À la décharge de Carl Orff, on peut rappeler que les Carmina Burana prônent l’irrévérence, l’individualisme et une forme de renversement de l’ordre social, des valeurs en opposition avec l’idéologie culturelle des nazis. Comment une œuvre aussi subversive n’a-t-elle pas été qualifiée de musique dégénérée (Entartete Musik) ?

Une telle contradiction me paraît très étonnante en effet, sans compter que le texte des Carmina multiplie les références sexuelles osées. Tout cela rapproche les Carmina de ce que les nazis qualifient d’« Entartete Musik ». L’usage du vieil allemand ou du latin contribue sans doute à amoindrir la gravité des scènes « crues ». Il y a aussi une forme de distanciation historique qui joue en faveur de Carl Orff : toutes ces scènes se déroulent dans des temps reculés, cela les rend sans doute plus acceptables aux yeux des nazis.

Orff est considéré par les uns comme un compositeur de génie ; d’autres voient en lui un bigot, un antisémite fasciste dont la popularité est une honte pour l'Allemagne et les survivants de l'Holocauste. Quel est votre point de vue ?

Nous savons que Carl Orff a clairement été en contact avec le régime nazi. Il a tenté de se dédouaner en faisant croire après la guerre qu’il avait appartenu à un réseau de résistance (La Rose blanche), ce qui n’a jamais été prouvé, et qu’il avait voulu protéger un ami juif, Kurt Huber (un résistant). Tout cela semble une reconstitution a posteriori. Ce qui est clair, c’est qu’Orff n’avait pas beaucoup d’argent pendant la guerre. Il s’est rendu compte de l’opportunité de survivre via les commandes du régime nazi. En connaissant cela, avons-nous le droit de juger Orff aussi sévèrement ? La question qui me semble fondamentale est de savoir si, en refusant de diriger Carmina Burana, nous punissons Orff pour ses actes ou si nous ne privons pas plutôt l’humanité d’un réel chef-d’œuvre ? La question reste ouverte...

Pourquoi terminer vos huit années à la tête de l’OPRL par cette musique ?

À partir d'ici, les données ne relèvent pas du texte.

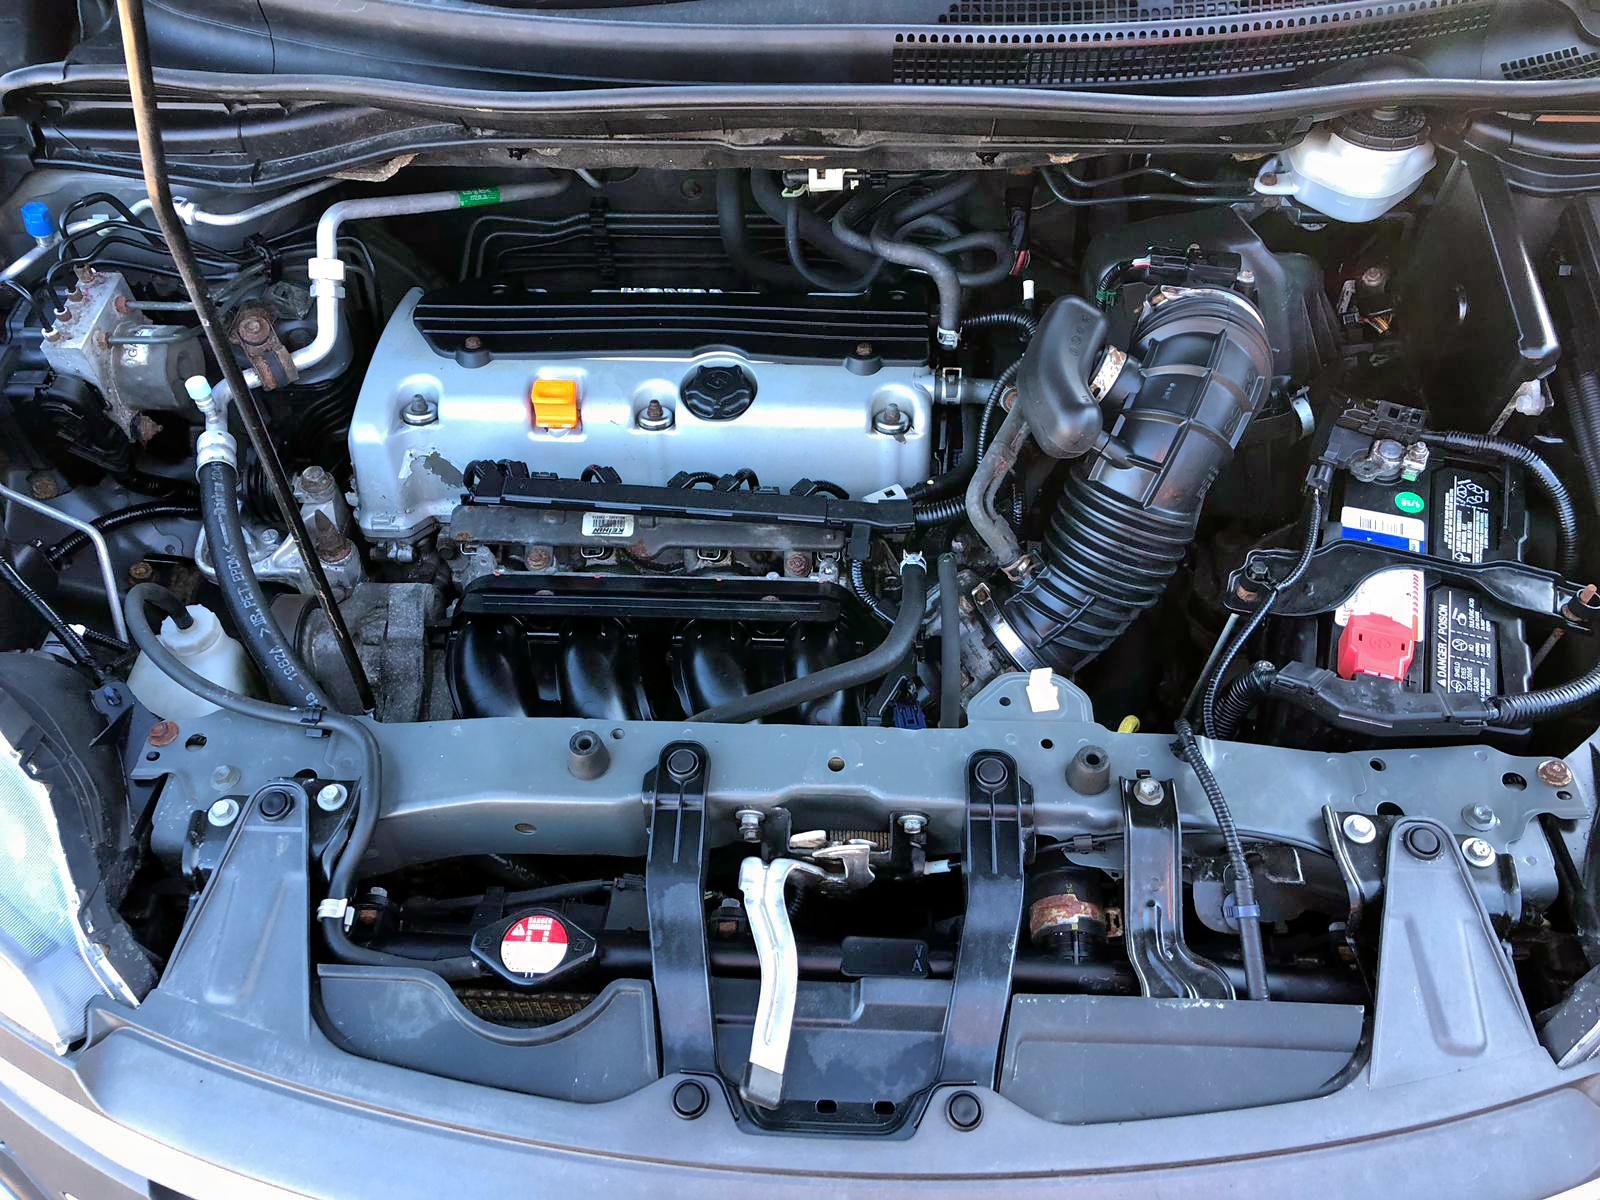 2HKRM4H73CH626699 - 2012 Honda Cr-V Exl 2.4L front view

J’ai toujours été fasciné par cette musique que je connais depuis mon adolescence, époque où je la chantais dans un chœur à Vienne (j’avais une voix de baryton). C’est aussi une œuvre qui fascine le public et qui n’a plus été donnée depuis longtemps avec l’OPRL (la dernière fois, c’était avec Patrick Davin, au moment des 50 ans de l’Orchestre). La partition m’a également semblé idéale car elle utilise un instrumentarium considérable qui me donne l’occasion de jouer avec tout l’Orchestre pour mon dernier grand concert. Et je m’en réjouis !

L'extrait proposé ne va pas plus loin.